Published Letters: 45
Editor's Choice: 7

Thursday, May 3, 2007 05:01 AM
Original article: My husband read my journal

NOT and open book

Wow, I'm really surprised by all the letters from married people who champion the "open book" relationship. Whatever happened to one's own secret garden? I'm with the LW on this one; if I didn't have an outlet to vent my negative feelings, I'd be one negative person in real life.

I've been married twice and in both relationships there was the unspoken agreement that each of us has thoughts, feelings, desires that are none of the other spouse's business. Who says that in order for a marriage to work we have to share everything with the other person? Good lord, I think my two ex-husbands were more interesting people given their cultivation of said secret space.

That said, I have to support Cary on this, lock up your secret space. It's too easy and compelling to open up a diary and start reading. I've done it many times myself (bad me!). However, I've never, ever copped to reading my lover's, daughter's, best friend's journals. If I snooped, I'm the one who's bad and I want to keep up the illusion of mystery between me and them. So shame on the LW's husband for admitting he read her journal. He should have kept mum and known that she doesn't feel that way anymore or if she does, well he needs to wait for her to bring the subject up.

For me, having the room to have a secret space is, in itself, a demonstration of trust. Knowing my SO is at peace with me working out my most private issues alone, whether it's about him or not is the greatest source of comfort to me.

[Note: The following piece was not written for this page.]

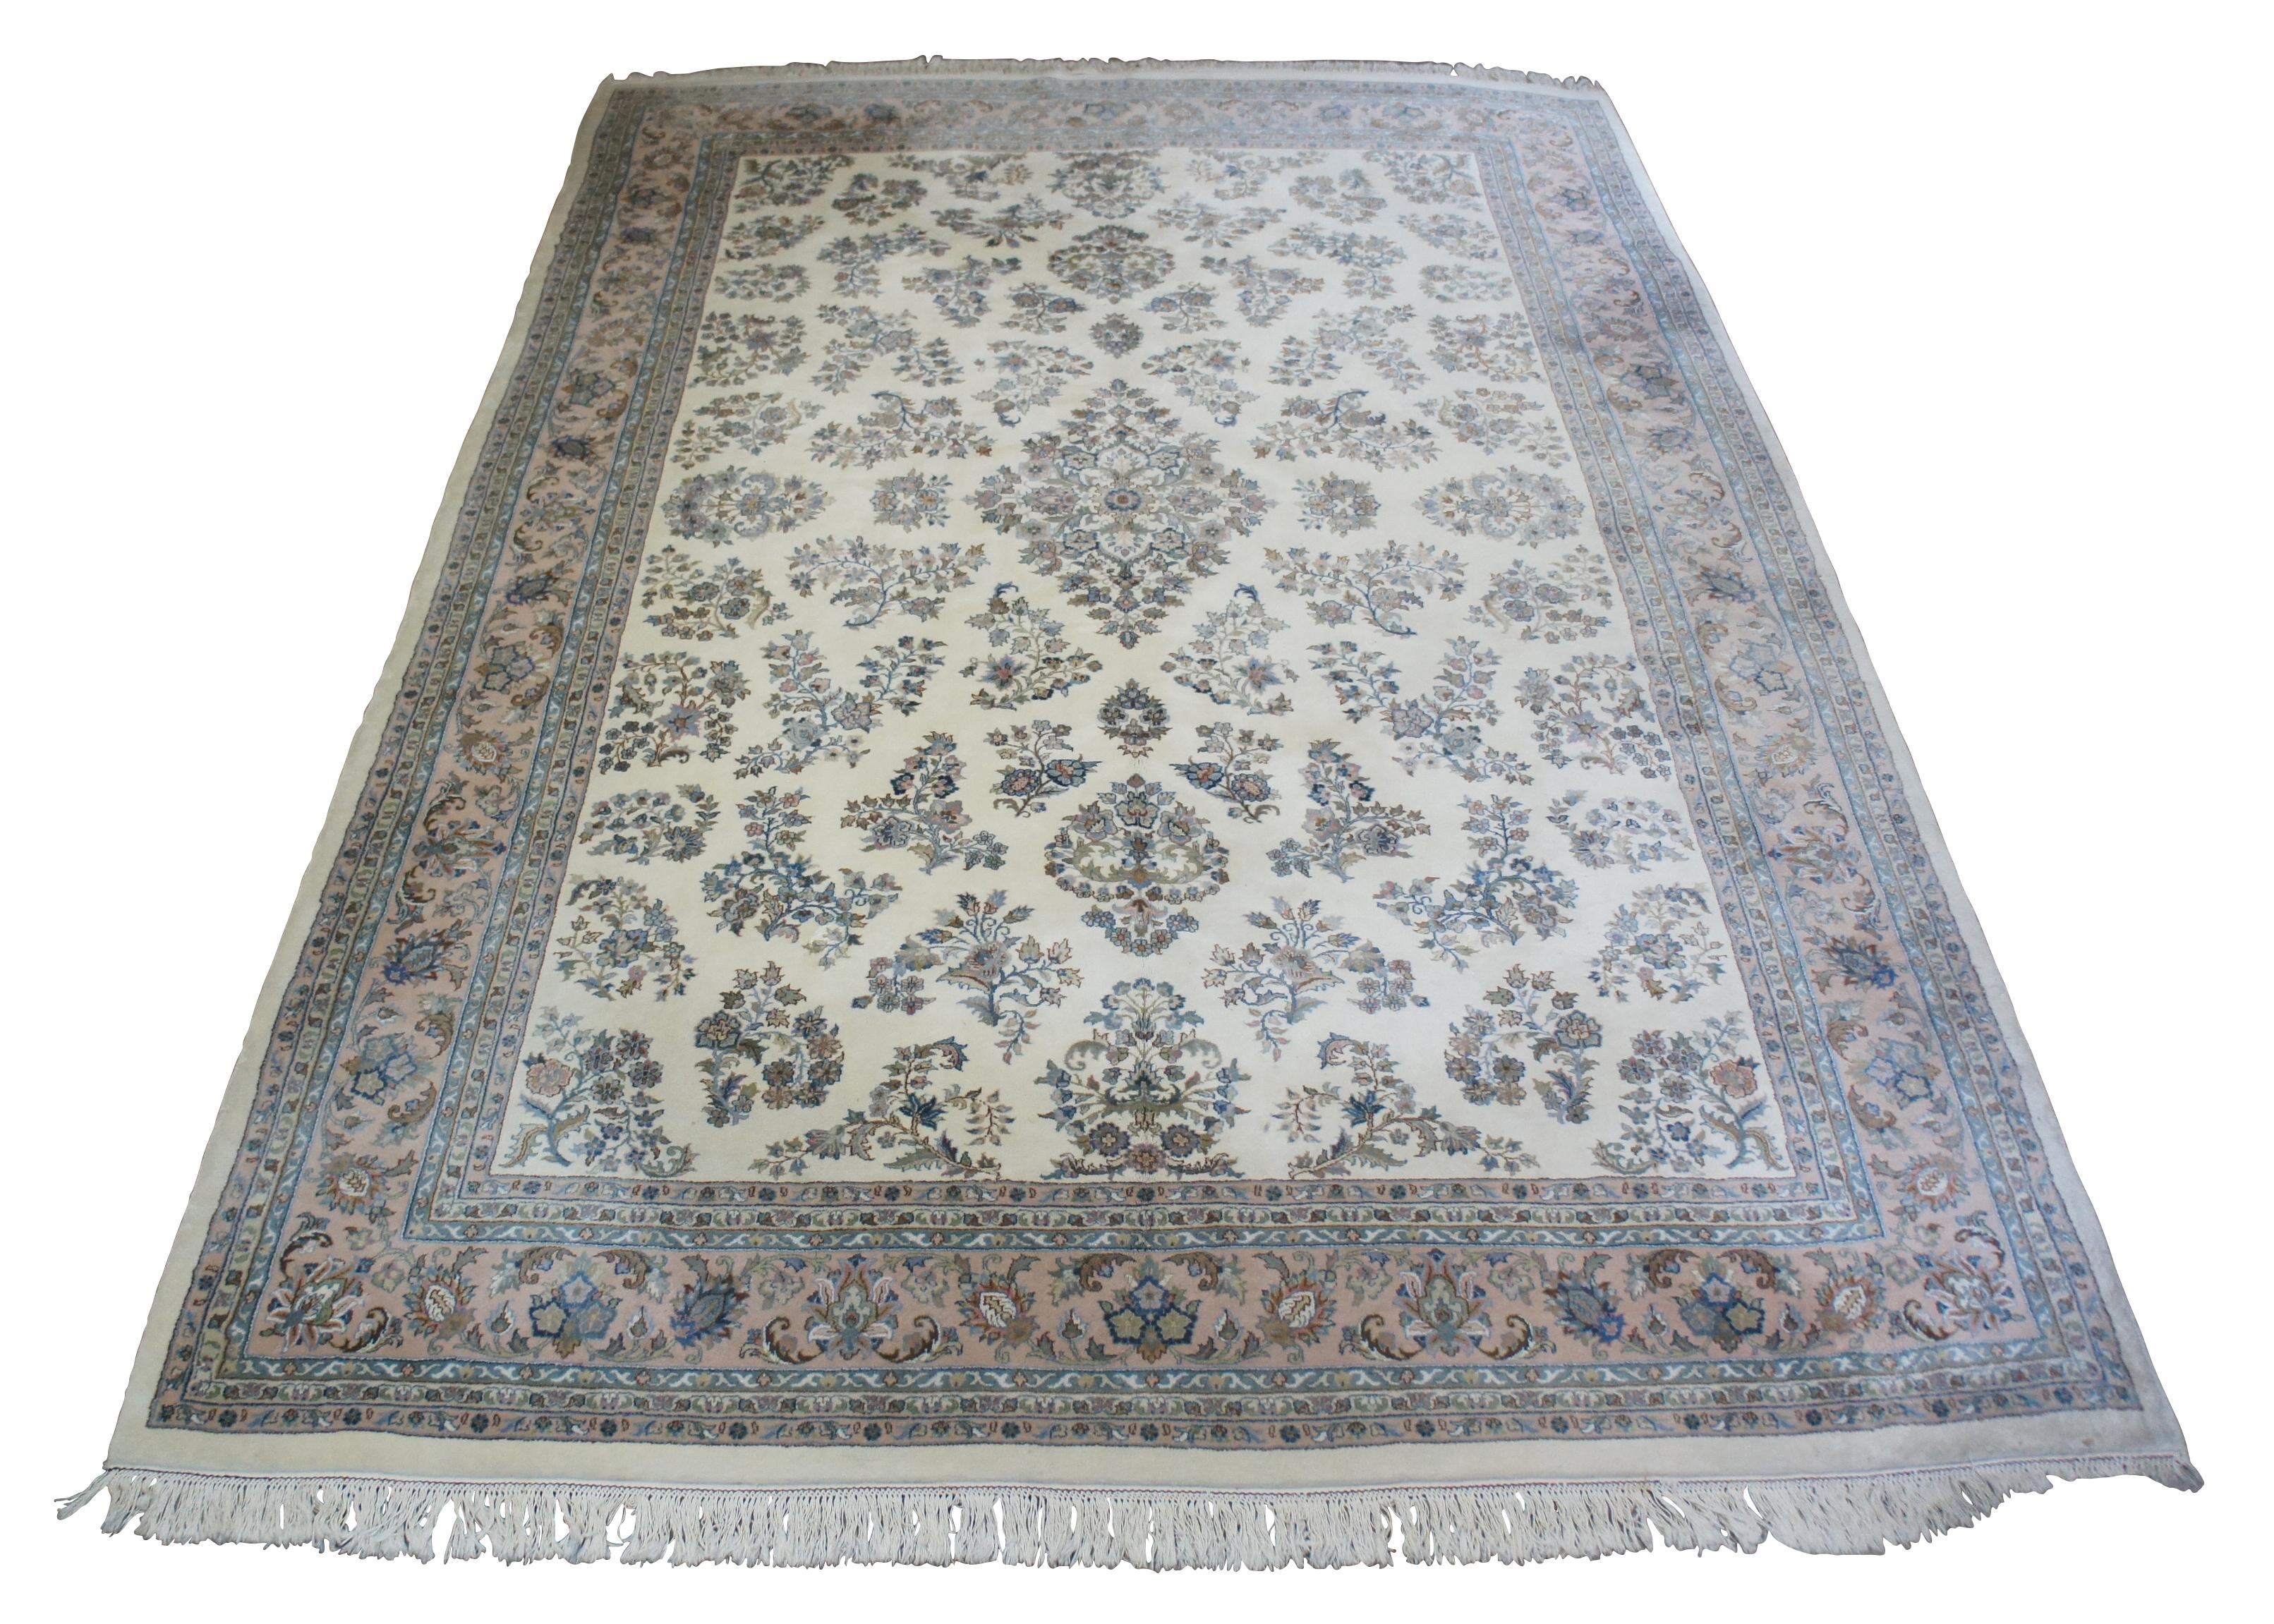 Vintage Indo area rug by Royal Rugs, circa last quarter 20th century. Handmade from 100% wood. Features a floral all over pattern with beige/creme, peaches and blues. Royal rugs has been in business since the 1950s. The company was started by a

Trusting me enough to let me have the space to explore or vent and knowing that I will always come back to him and the real world is what a solid relationship is based on.

LW if you don't want your spouse to read your diaries, please lock them up. If, in fact, you secretly do want him to read them, by all means leave them laying around. He's the bad one for reading them and then confronting you about the information inside. If he feels he has the right to read them (this isn't clear in your letter, and a very important point in my book) then that's a whole 'nother ball of wax and good luck to you with that.